Dataset section
################

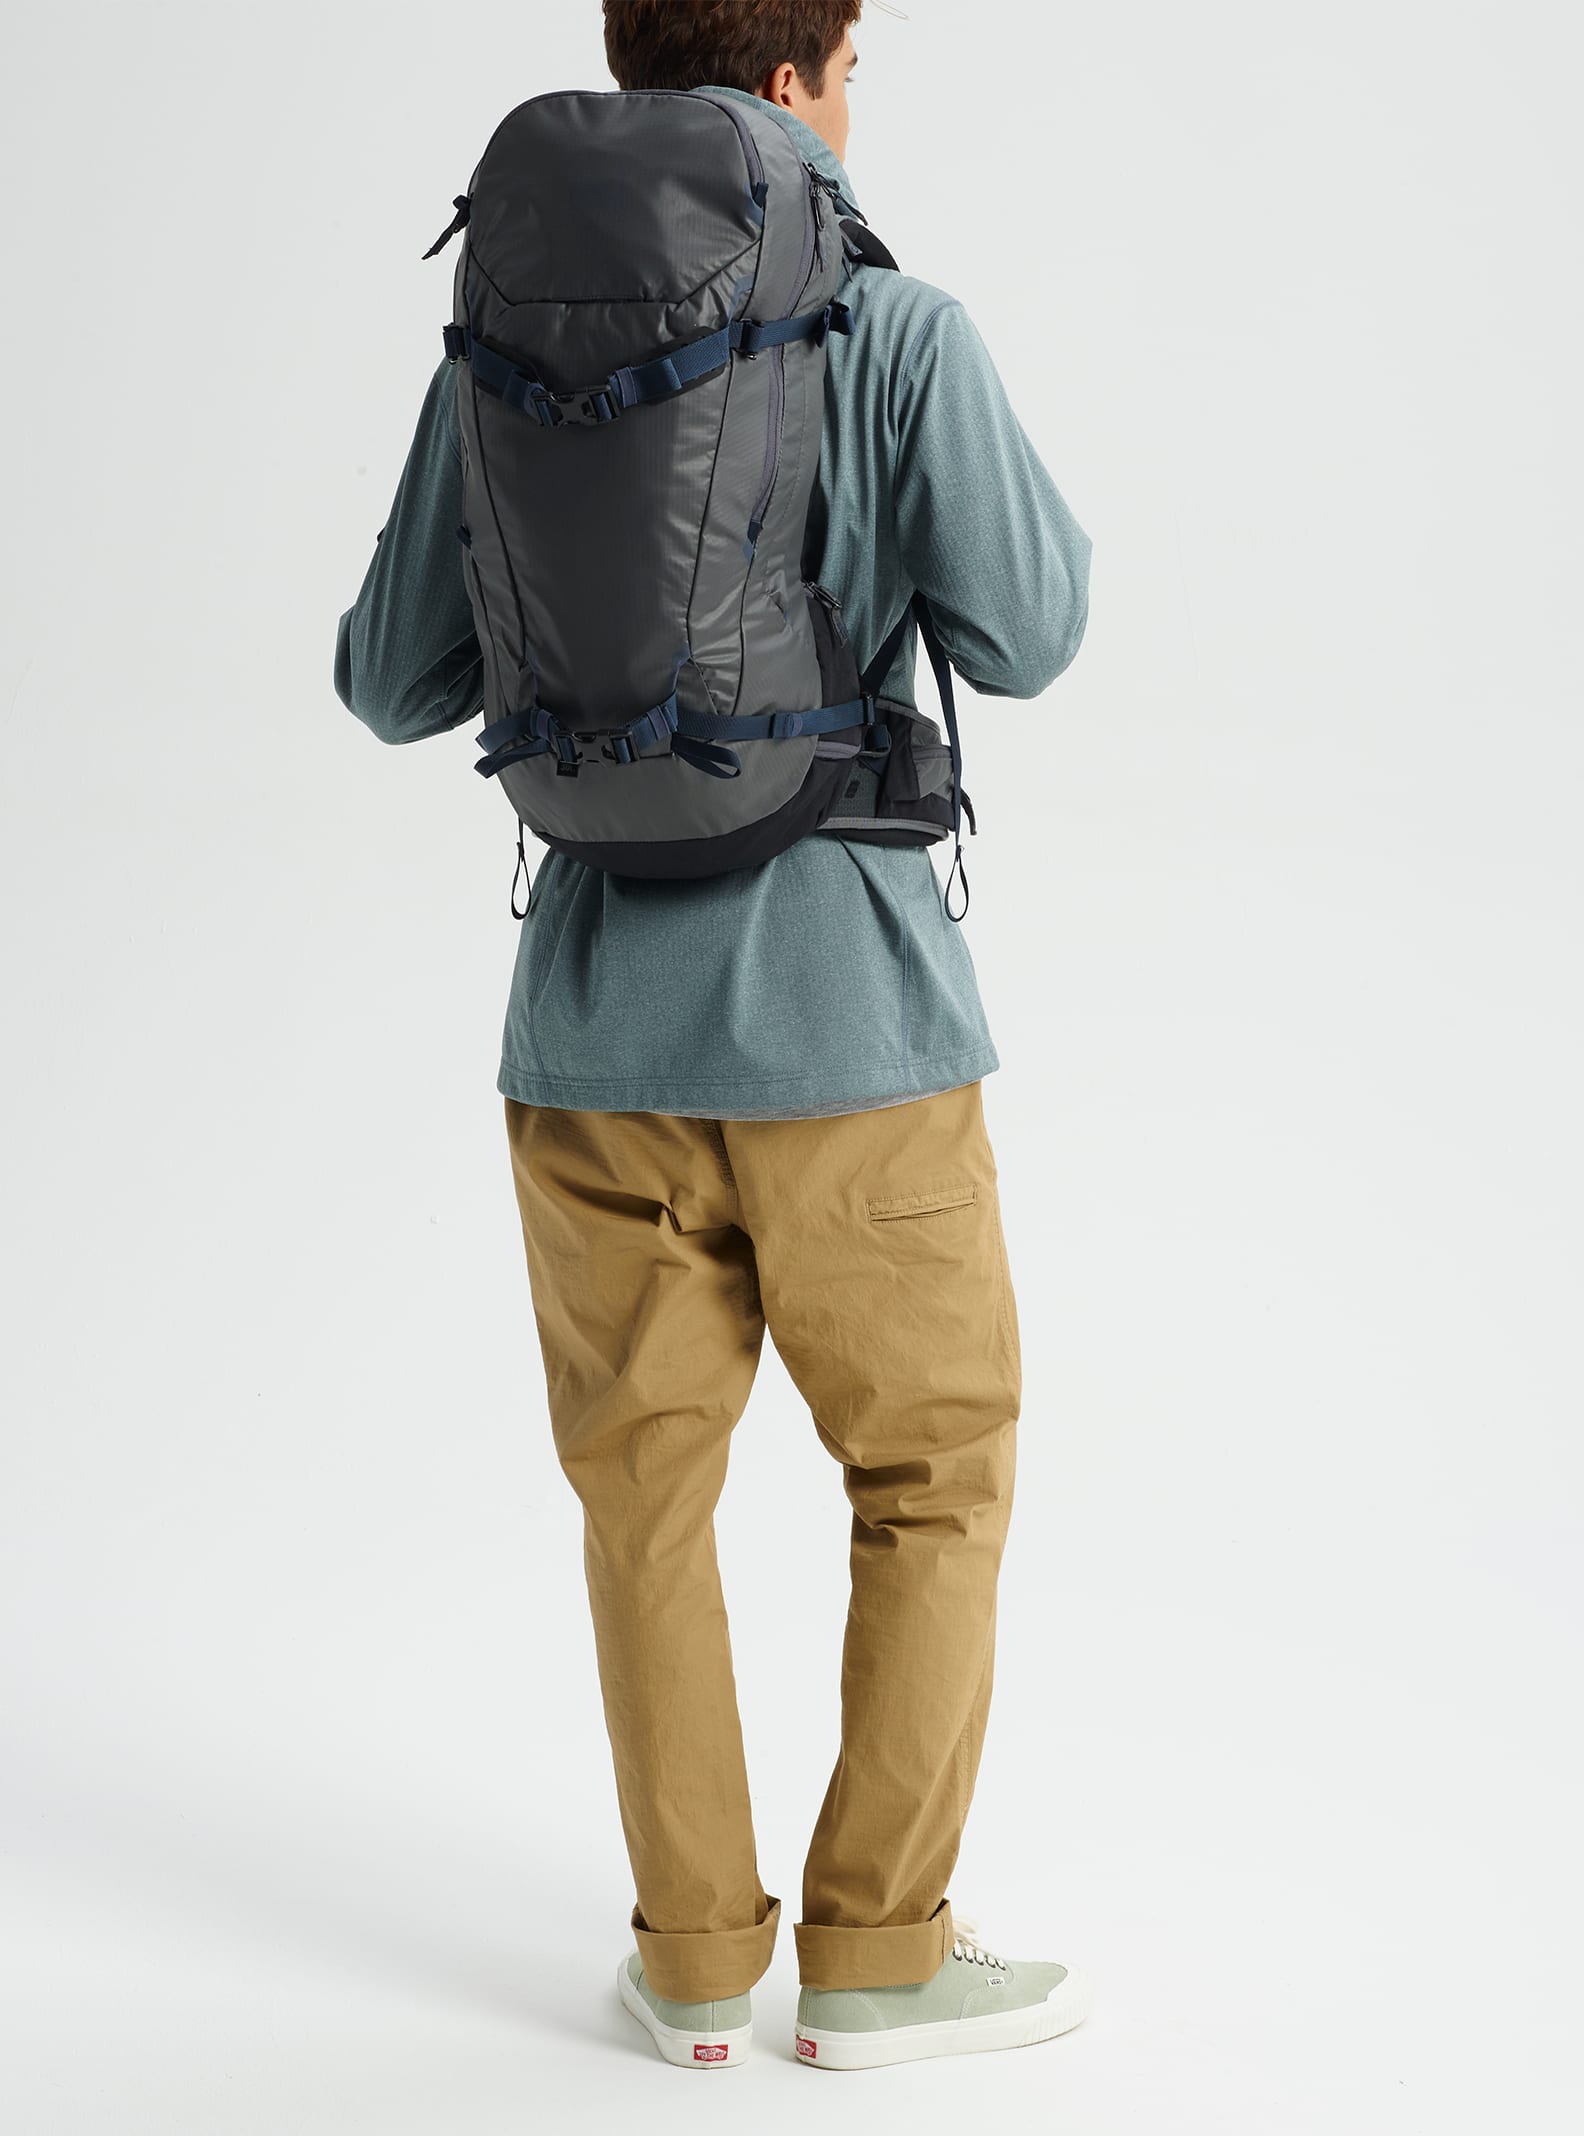 Burton [ak] Incline 30L Backpack | Burton.com Spring 2021 CA
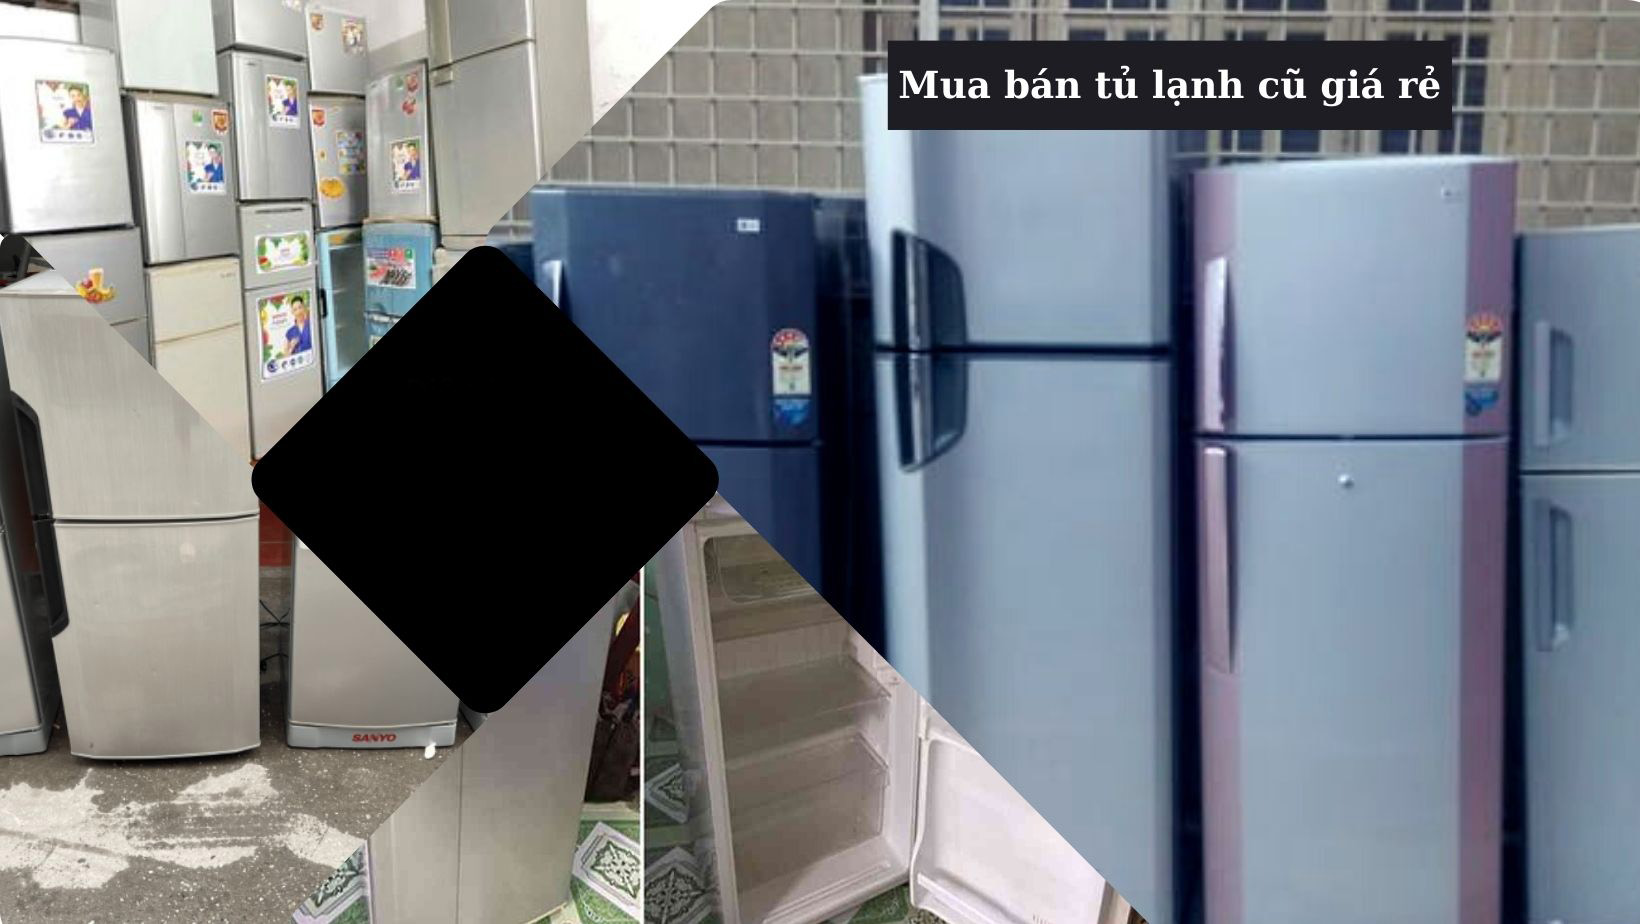 Mua tủ lạnh cũ giá rẻ tại Đà Nẵng 
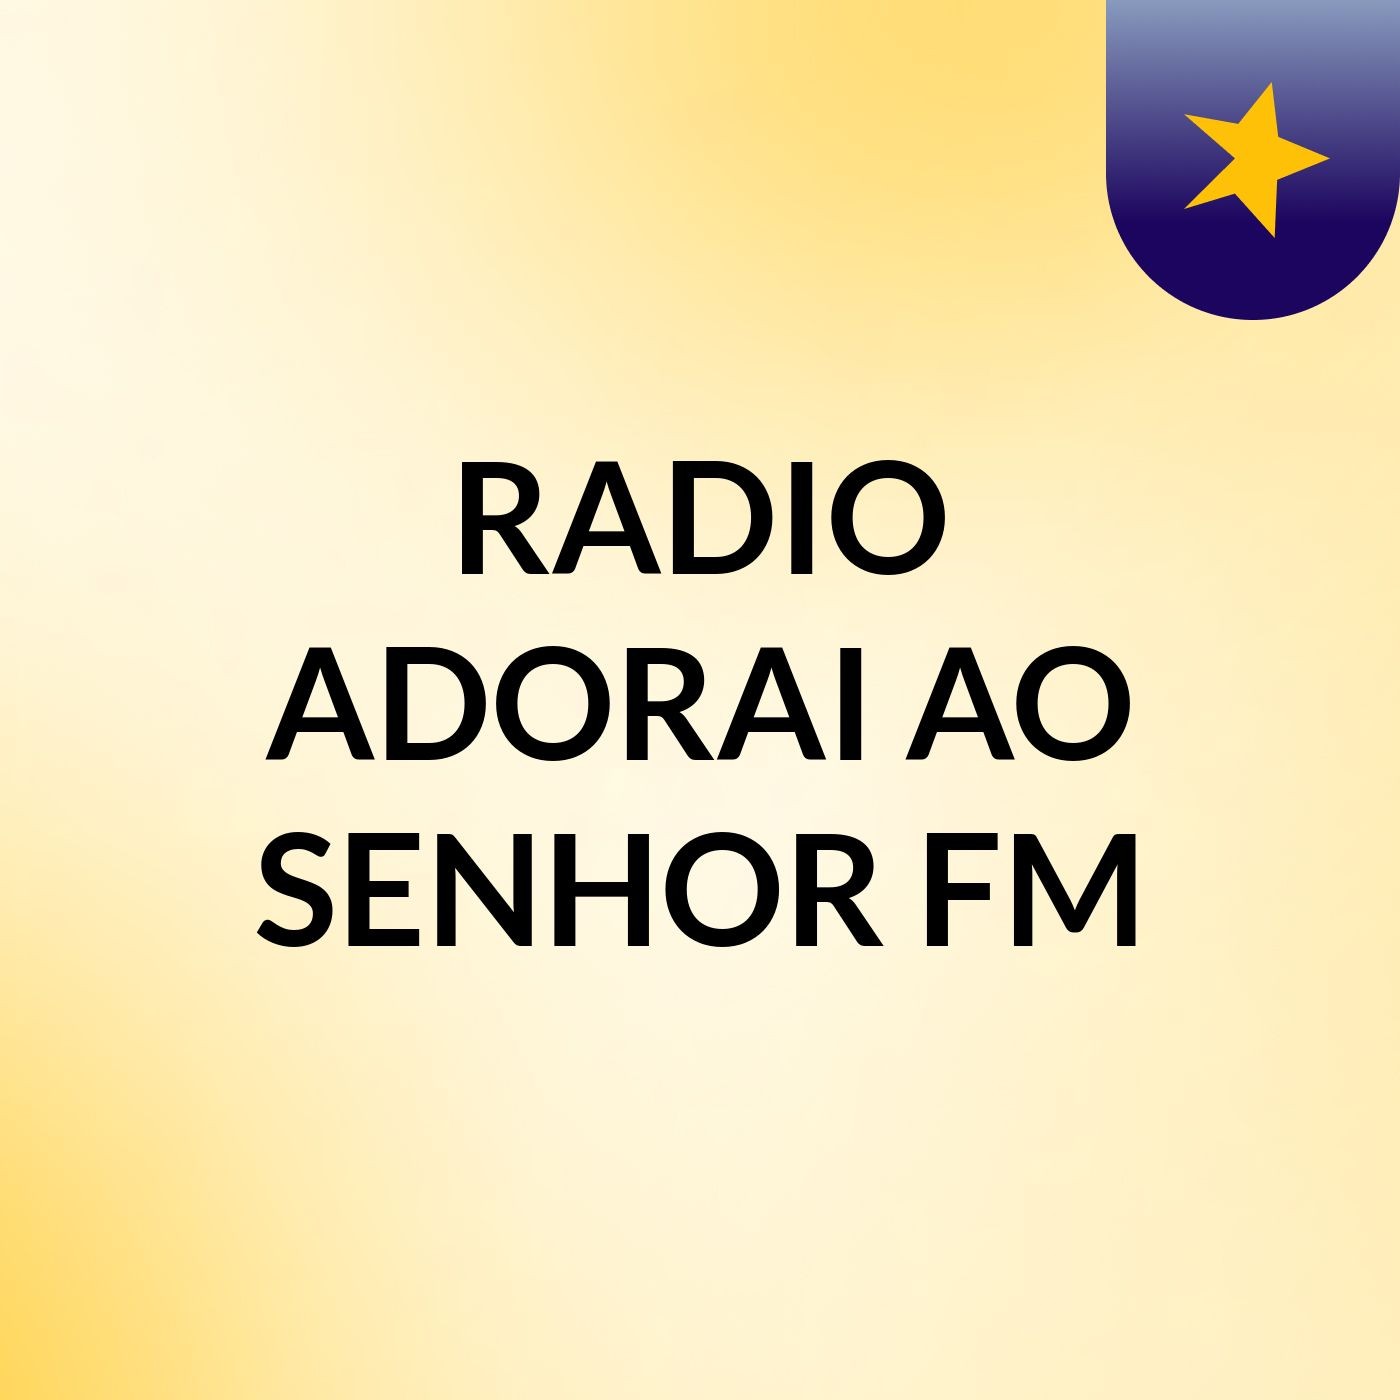 RADIO ADORAI AO SENHOR FM

################

Work item
All of the data gets printed again exactly; the pictures do not.

Exercise response
 Burton [ak] Incline 30L Backpack | Burton.com Spring 2021 CA
 Mua tủ lạnh cũ giá rẻ tại Đà Nẵng 
 RADIO ADORAI AO SENHOR FM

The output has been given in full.